What I also found interesting about their conclusion is their discussion of the things they didnt do in their study. Just shows that this is a complex area and way more research needs to be done. Also interesting that what they are measuring outside the body in their experiments can change in the lungs. Yet another angle of complexity.

I just hope that the top medical teams and scientists can put their heads together and figure it all out.

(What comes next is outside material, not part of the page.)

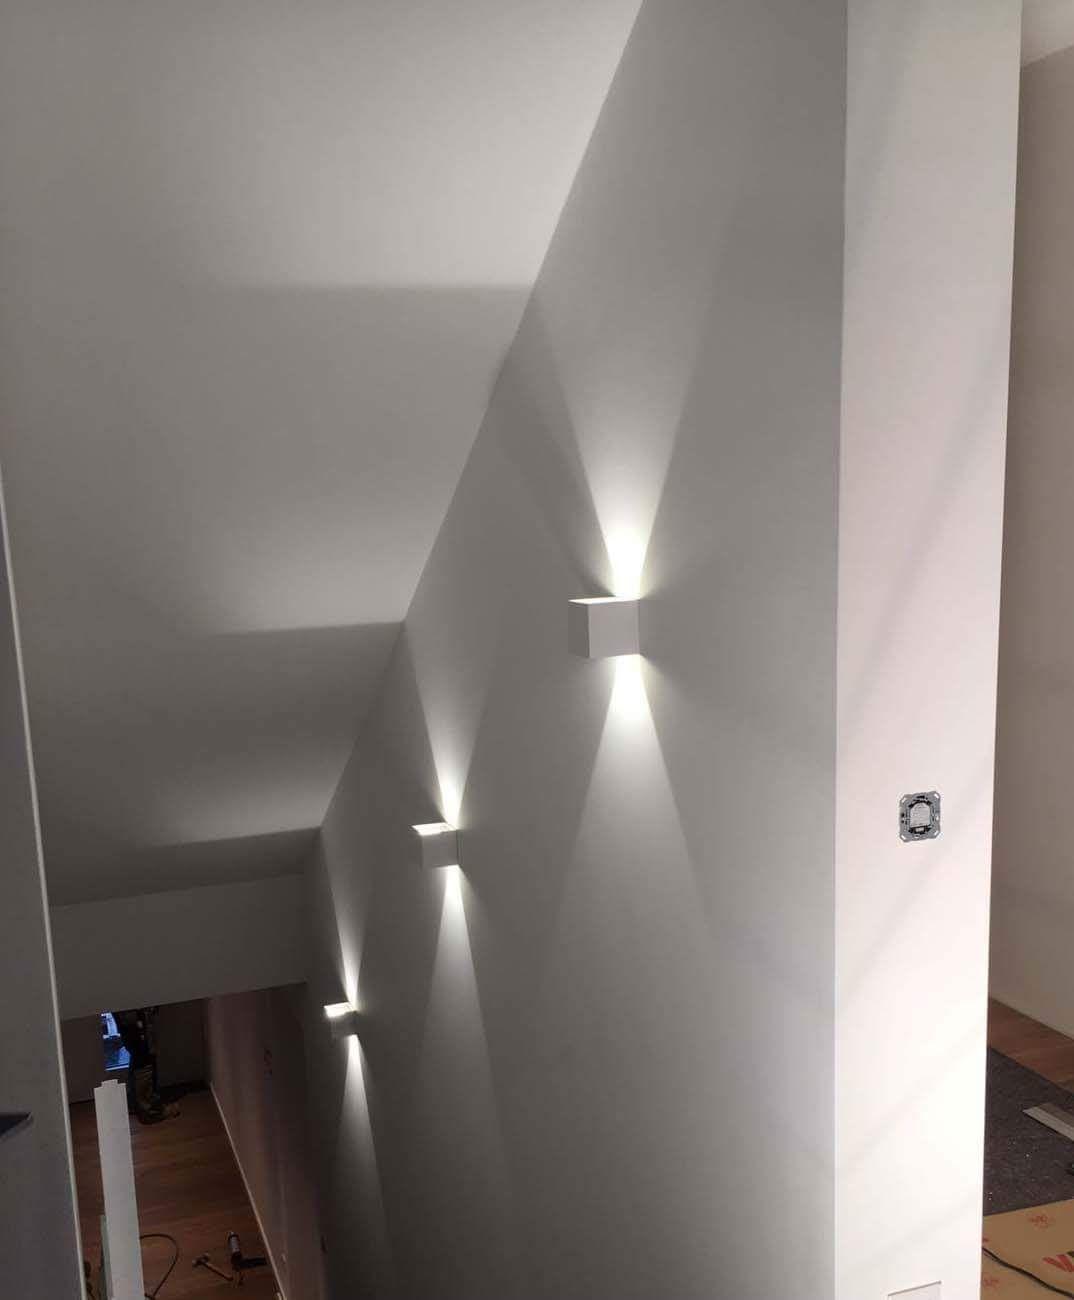 15068505 1139410096108039 3813526875303593707 O Jpg 1 074 1 300 Pixel Lampen Treppenhaus Treppenhaus Beleuchtung Treppe Haus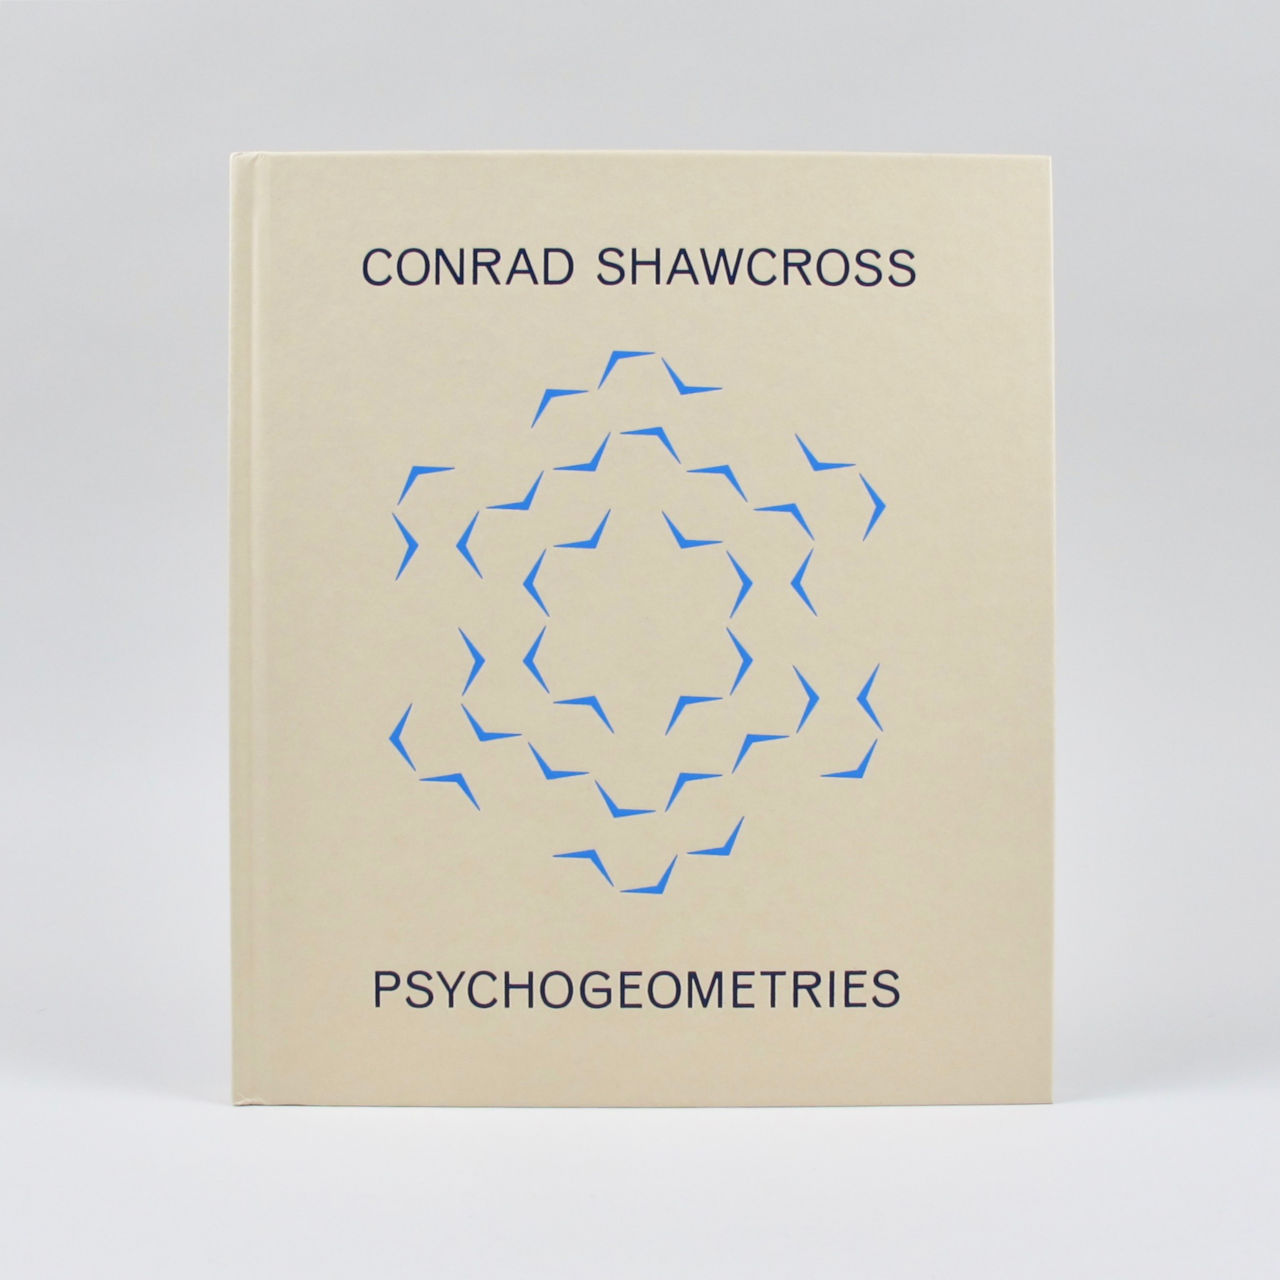 Psychogeometries - Conrad Shawcross

In the meantime, what this is reinforcing to me is as follows:

• avoid dry puffs
• and when in doubt, its safer to be on lower power

 

[NewOobY]

very interesting read man, thanks @Alex. Sheesh how do you find this stuff man, it's awesome and makes my day go quicker

I must start print out these reports and keep them on me as there are still soooo many uneducated people out there and to them ignorance is bliss. They heard something somewhere so in their minds ecigs are as bad as analogs and thats it. It drives me up the wall.

Dude sadly people in general are stubborn by nature, hence you stating there was another study disproving the original by some margin would fall on deaf ears man. People hear what they want to hear, and equally frustrating is they believe what they want to believe - this applies no matter what evidence you provide etc.

Imagine how crazy it must of been for the world when they realized the world was in fact not flat and had more of a rounder shape. People died for that belief man - least we won't get killed for believing that vaping is much more safe than smoking.

Thanks @Alex

I will go read the full article when i get a chance. I did read the conclusion above and they dont refer to the high std dev measures.

What I also found interesting about their conclusion is their discussion of the things they didnt do in their study. Just shows that this is a complex area and way more research needs to be done. Also interesting that what they are measuring outside the body in their experiments can change in the lungs. Yet another angle of complexity.

I just hope that the top medical teams and scientists can put their heads together and figure it all out.

In the meantime, what this is reinforcing to me is as follows:

• avoid dry puffs
• and when in doubt, its safer to be on lower power

Agreed 100% about the dry puffs, problem with lower power is "it just don't taste the same "

 

[Stevape;)]

@NewOobY whats this talk about the world not being flat??

 

[rogue zombie]

Thank you @Alex for finding this.

I must admit, this was the one thing I worried about... when I wasn't using the Reo. Since I only drip, I always feel the cotton getting dry, and was a teensy bit paranoid of the possible dry-hit.

Its good to put things in prospective and get educated.